Tarihe "Kara Fatma" olarak geçen Fatma Seher, Balkan Harbi'ne, Edirne'de görev yapan kocası subay Derviş Bey ile katıldı. Birinci Dünya Savaşı'nda, ailesinden 9-10 kadınla Kafkas Cephesi'ne gitti. Mondros Mütarekesi'nden sonra eşi Ermeniler tarafından şehit edilen kadınları toplayarak, Ermeniler ile çarpıştı. Mustafa Kemal Paşa ile görüşerek görev isteyen, kurduğu milis kuvvetiyle Bursa ve İzmit'in işgalden kurtarılması için mücadele eden Kara Fatma'nın müfrezesinde savaşanların sayısını 350'ye çıkardığı bilinir. Sakarya ve Başkomutanlık muhaberelerine de katılan ve üsteğmenlik rütbesine kadar yükselen Kara Fatma, 1955 yılında Erzurum'da vefat eden kadın kahramanlarımızdan biriydi.

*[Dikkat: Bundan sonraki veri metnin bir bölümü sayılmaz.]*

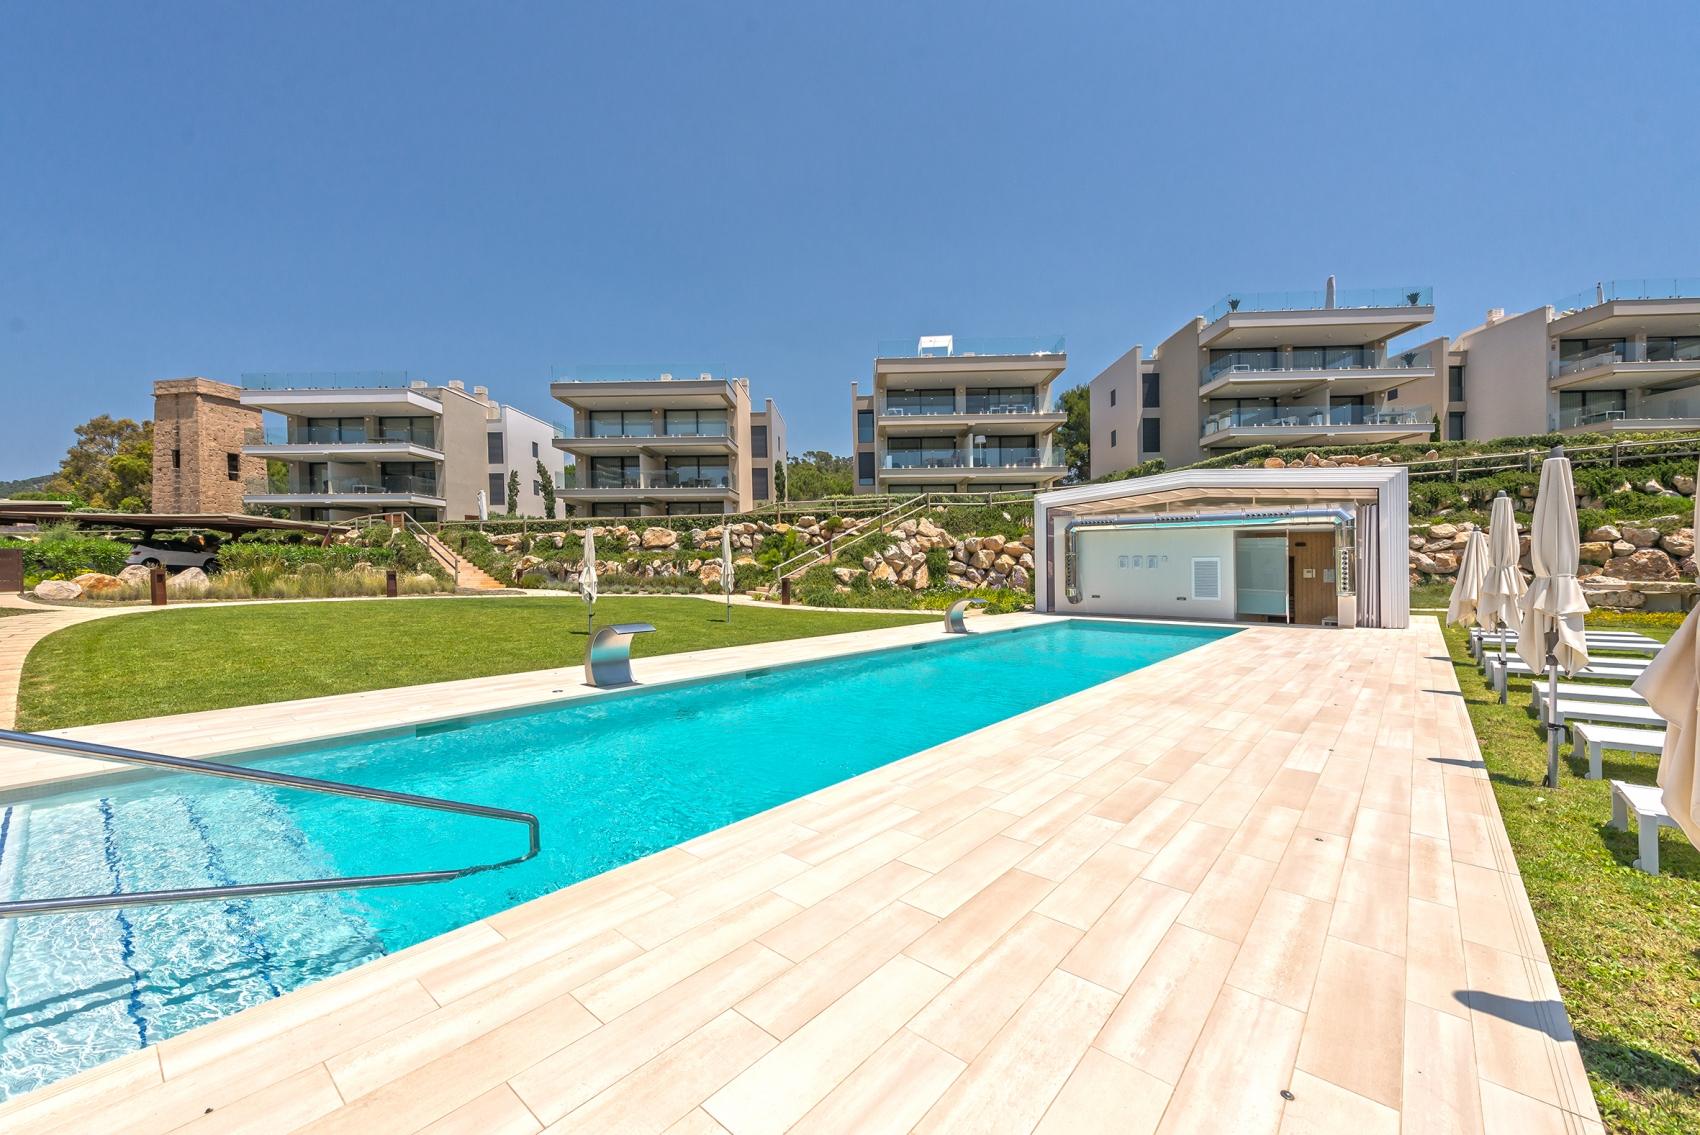 Seaview property in Mallorca

İznik Cephesi'nde göğsünün sağ tarafına bir mermi saplansa da kanlar içinde çarpışmaya devam eden Fatma Seher Hanım'ın, bir başka çarpışmada ise dokuz yaşındaki kızı Fatma'nın eli parçalandı.
Kara Fatma ve emrindekiler, işgal edilen İzmit'teki cephanelerin Anadolu'ya kaçırılmasında çok önemli roller üstlendiler. Kara Fatma söz konusu faaliyetlerinin birinde yakalanıp hapsedildi hatta dövüldü ancak bir yolunu bulup oradan kaçtı.
Girdiği pek çok yerel çarpışmanın yanında, I. ve II. İnönü Muharebeleri'ne Dumlupınar Savaşı'na ve Sakarya Savaşı'na katıldı. Müfrezesindeki pek çok asker şehit olduğu gibi kendisi de yaralandı. İyileştikten sonra Düzce çevresinde asker kaçaklarını vatan görevine çağırmak için faaliyetlerde bulundu.
Kara Fatma asıl başarısını İzmit'in işgali sırasında gösterdi. Yunan işgaline karşı 480 kişilik çetesiyle mücadele verdi. Burada gösterdiği kahramanlıkla adını tarihe yazdırdı. Hisarcık'ta, Kaynarca mıntıkası Kumandanı Naim imzasıyla Süvari Livası'na (tugay) gönderilen yazıda, "Bugünkü harekâtta pek çok yararlığı görülmüş olan Fatma Seher Hanım'a teşekkür ederim" deniliyordu. Kara Fatma, ardından 43 kadın ve 700 erkekten oluşan müfrezesiyle İnönü Savaşlarına da katıldı. Bu savaşta müfrezenin pek çok kadın neferi şehit düştü.